Надо ли говорить о том, как был счастлив Джесвал. Я ведь и начал этот рассказ с того, что он - один из самых счастливых людей, встреченных мною в жизни. А может быть, и самый счастливый...
...Выслушав головокружительную исповедь нашего индийского товарища по труду, мы с моим приятелем-трансформаторщиком некоторое время были не в силах произнести ни слова. Потом выпили - без тоста... Потом выпили за здоровье обеих его супруг. И только после этого вновь обрели способность разговаривать. И осыпали хозяина дома еще ворохом вопросов, не столь прямолинейных, как вначале, но все же достаточно откровенных. Но и ответы его были тоже откровенными.
- Джесвал, а... твои жены... они не ссорятся меж собою? Ну, хотя бы из-за тебя? Как же ты вообще-то с ними... делишь себя?
- Мне себя не надо делить, - всерьез, хотя и с улыбкой ответил Джесвал. - Мы, все трое, - единая душа и единая плоть. А ссориться... Трудно представить себе двоих других женщин, которые были бы столь же дружны меж собою, как мои возлюбленные... Вы знаете, когда они, познакомившись, провели вместе несколько дней, то каждая из них по отдельности сказала мне то же, что и другая: "Как я счастлива - наконец то у меня появилась настоящая сестра". Дело-то в том, что у них обеих не было сестер - только братья... Вот так, друзья мои!
- А все-таки, Джесвал, - спросил я, - как ты думаешь, почему твоя Амрита начала рожать только тогда, когда ты женился на Ратхи?
Ответ Джесвала заставил нас в очередной раз и удивиться и расхохотаться. Мы знали, что он читает на английском газеты и журналы, приходившие из Союза в Индию, и что вообще знаком с жизнью нашей державы и с ее многими порядками. Но такого ответа мы все-таки не ожидали. Хитро прищурившись, он сказал:
- Я думаю так: в моей первой жене заговорил дух социалистического соревнования!..
Счастлив ли ты сегодня, как прежде, Джесвал? Как хочется верить, что солнечно-веселая улыбка по-прежнему не сходит с твоего смуглого лица...

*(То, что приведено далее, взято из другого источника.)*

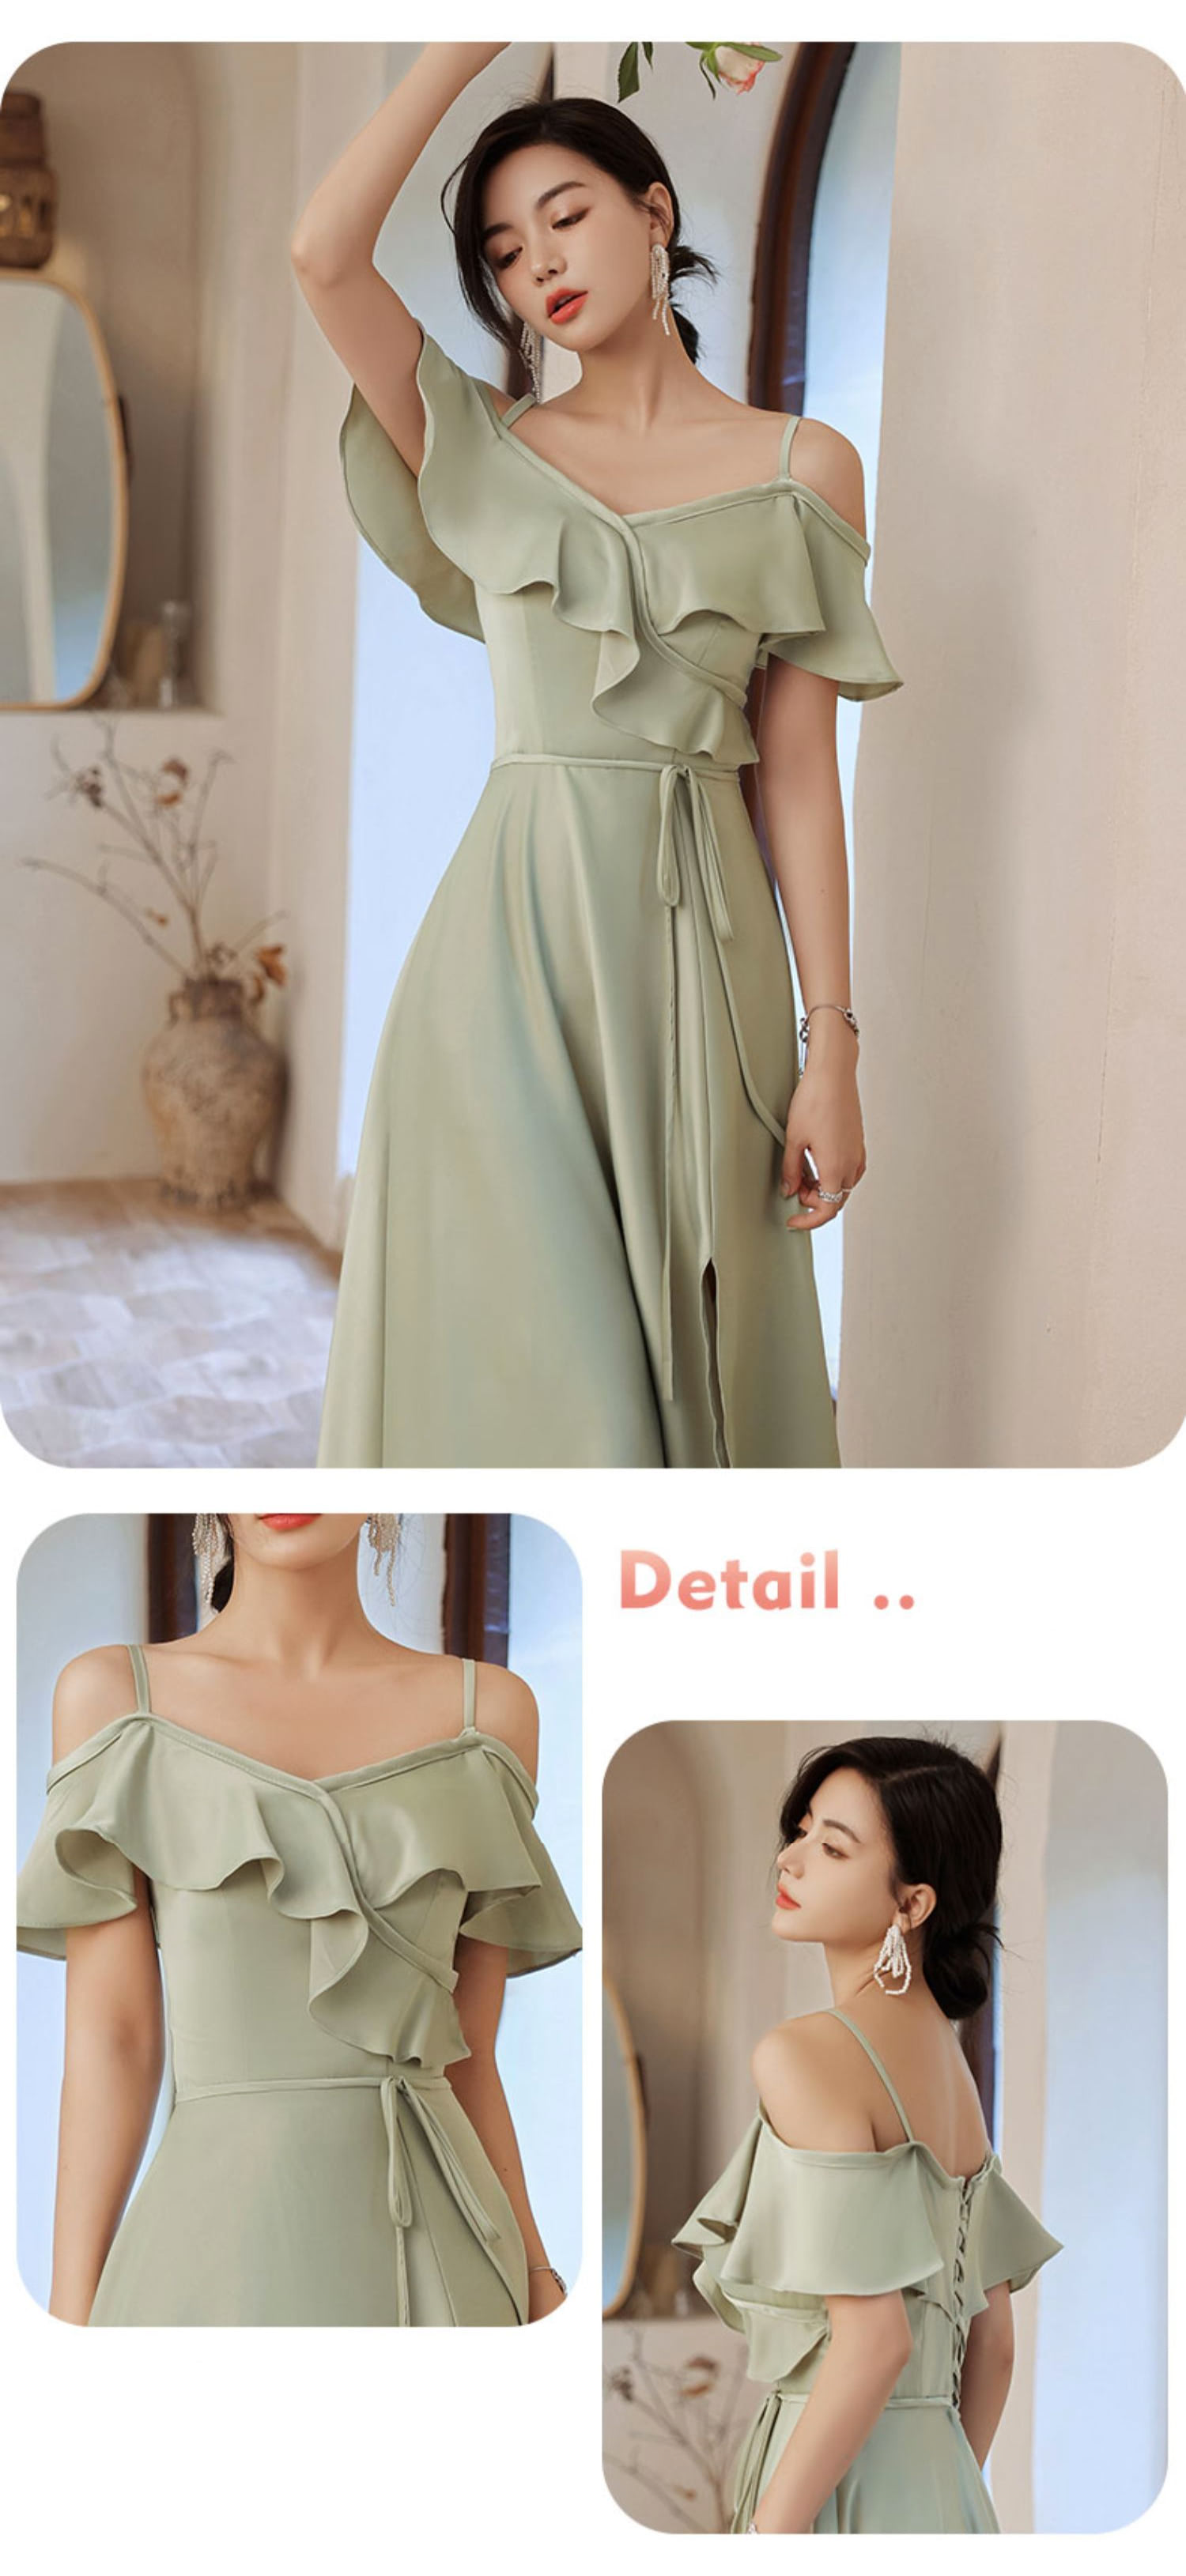 Simple-Olive-Green-Satin-Bridesmaid-Dress-Beach-Wedding-Guest-Outfit18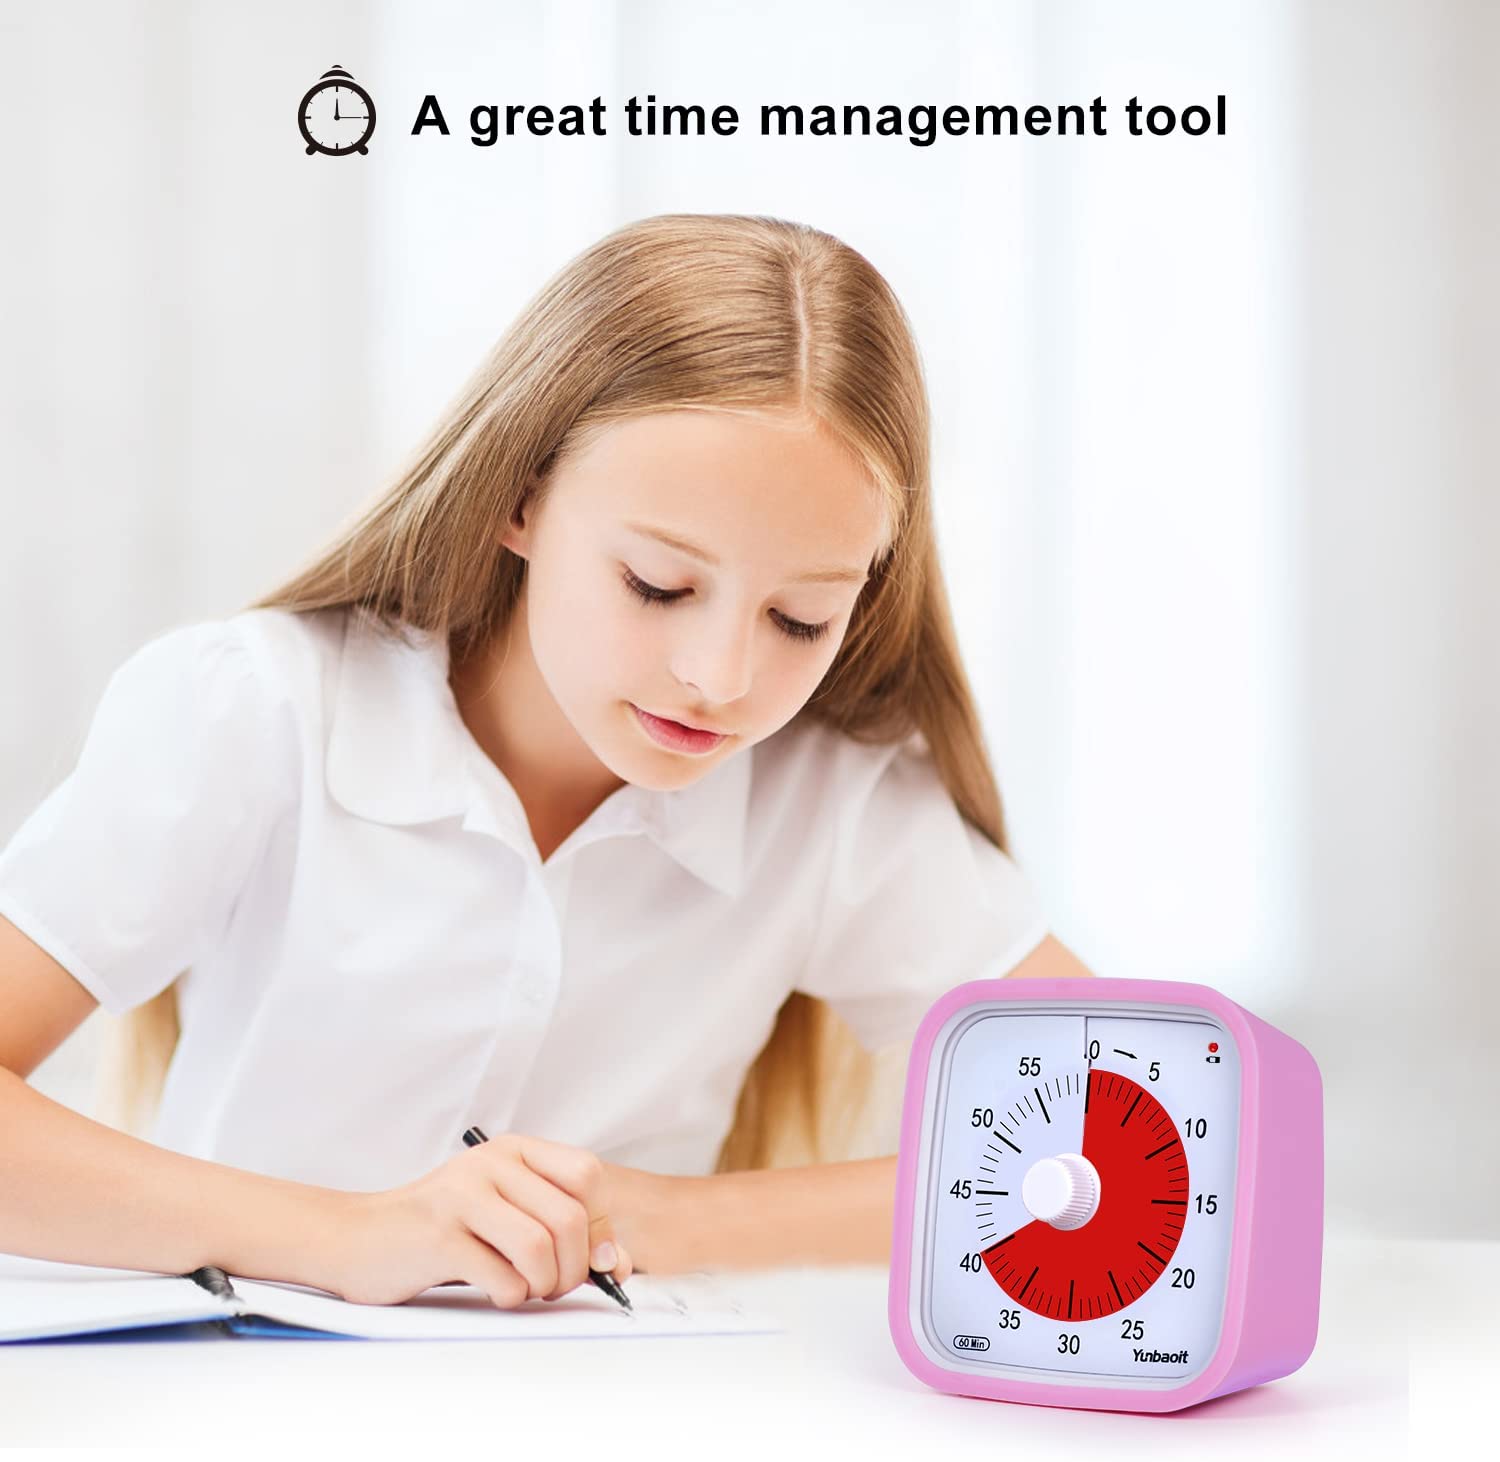 Visual-Timers-Management-tool

Не ищите женщину, сама отыщется...
(Кое-что о француженках)
Миф - одно из самых прекрасных явлений в жизни человечества. Это как раз тот самый "возвышающий обман", который для нас дороже и выше всех "низких истин", то есть суровой реальности. Перед нами - одно, а видим мы совсем другое... Один из самых увлекательных и ходовых мифов - о французских женщинах. Мол, это самые элегантные и самые изящные дамы в мире. Вдобавок самые раскованные и самые искушенные в искусстве любви. Ну и так далее. Очень много граней у этого пьяняще-головокружительного мифа... Мне довелось за несколько десятилетий, в силу своей основной профессии, встречаться с людьми из самых разных зарубежных стран, в том числе, естественно, и с женщинами. В свою очередь - и с француженками. И почти каждое из таких знакомств начисто опровергало - нет, не весь этот миф целиком, а какую-то одну его сторону. Зато другие стороны - блистательно подтверждали. Мне, например, встречались дамы из провинций этой страны, по своей буржуазно-финансовой скаредности схожие с Евгенией Гранде позднего периода ну лютые "куркулихи". Однако внешне это были истинно "эфирные создания", грациозные, как скрипки... Как бы там ни было, одно из самых ярких воспоминаний моей жизни - общение с дочерьми "прекрасной Галлии". О трех знакомствах с ними я и хочу вам поведать...
I
Коля была права
С этой француженкой я дружил в студенческие годы... Пожалуйста, не надо иронических улыбок: именно дружил. Она отличалась, на мой тогдашний взгляд, даже чересчур высокой нравственностью. И для меня она была, как мы тогда говорили, "своим парнем". Как многие девчата из нашего университетского общежития - такие у нас тогда были нравы: люби одну, с другими дружи... Но к делу. Звали эту девушку Николь. В шутку я как-то назвал ее Колей, и с моей легкой руки почти все у нас на факультете, кто знал ее, именно так и стали величать эту милую француженку. Даже ее преподаватели, более того - даже ее соотечественники, французские ребята и девушки, учившиеся у нас. А потом Николь и сама, протягивая руку для знакомства и очаровательно улыбаясь, стала представляться именно так: "Я - Коля".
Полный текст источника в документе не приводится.